On 14/01/12 12:58, Gregory P. Smith wrote:
I do like *randomly seeding the hash*. *+1*. This is easy. It can easily be
back ported to any Python version.
It is perfectly okay to break existing users who had anything depending on
ordering of internal hash tables. Their code was already broken.
For the record:
steve@runes:~$ python -c "print(hash('spam ham'))"
-376510515
steve@runes:~$ jython -c "print(hash('spam ham'))"
2054637885
So it is already the case that Python code that assumes stable hashing is
broken.
For what it's worth, I'm not convinced that we should be overly-concerned by
"poor saps" (Guido's words) who rely on accidents of implementation regarding
hash. We shouldn't break their code unless we have a good reason, but this
strikes me as a good reason. The documentation for hash certainly makes no
promise about stability, and relying on it strikes me as about as sensible as
relying on the stability of error messages.

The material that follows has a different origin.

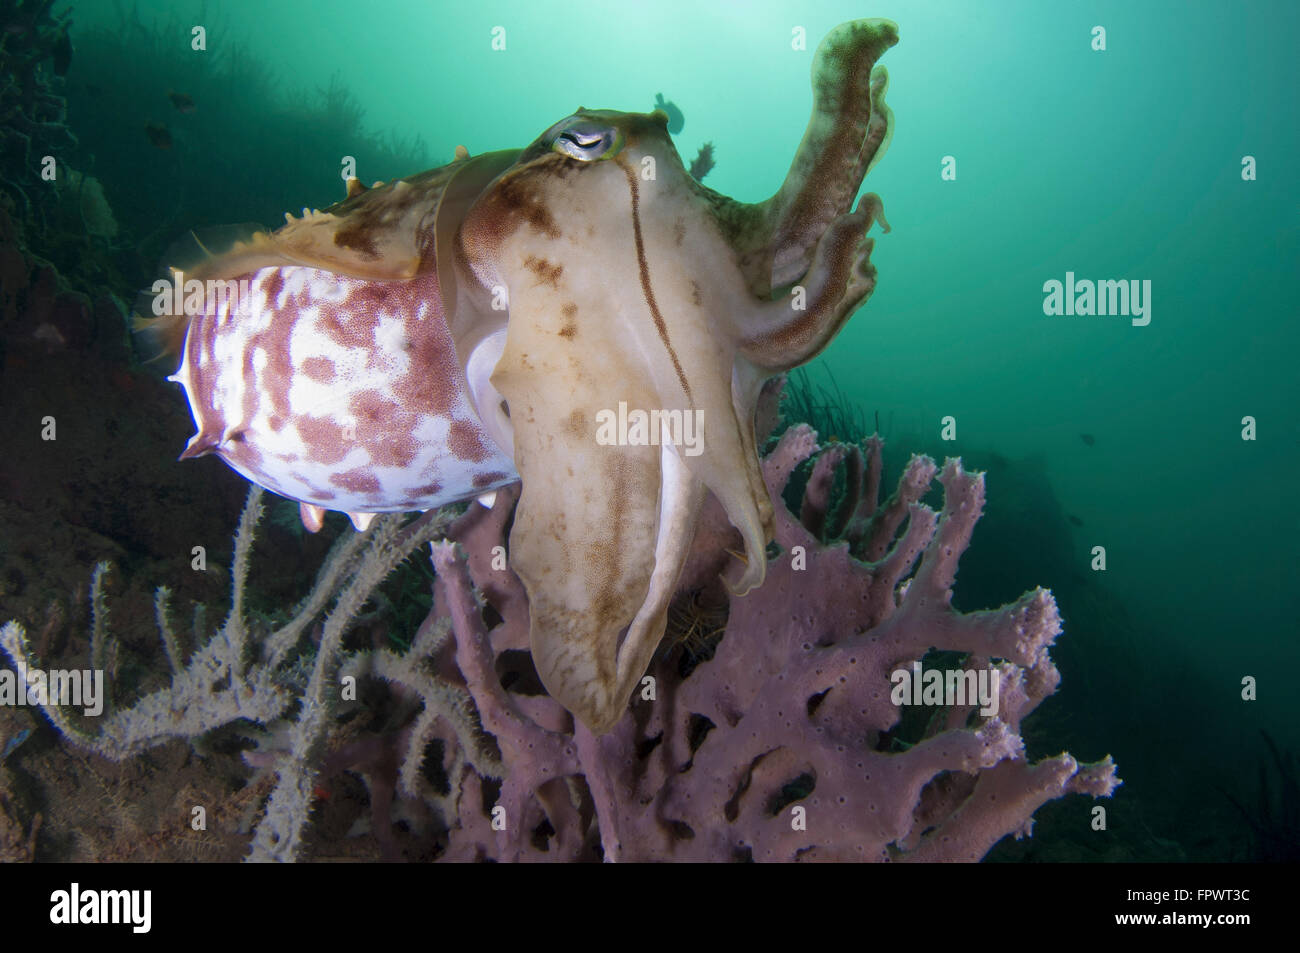 Full body view of a broadclub cuttlefish (Sepia latimanus) amongst a reef in green water, Komodo National Park, Indonesia. Stock Photo

I'm also not convinced that the option to raise an exception after 1000
collisions actually solves the problem. That relies on the application being
re-written to catch the exception and recover from it (how?). Otherwise, all
it does is change the attack vector from "cause an indefinite number of hash
collisions" to "cause 999 hash collisions followed by crashing the application
with an exception", which doesn't strike me as much of an improvement.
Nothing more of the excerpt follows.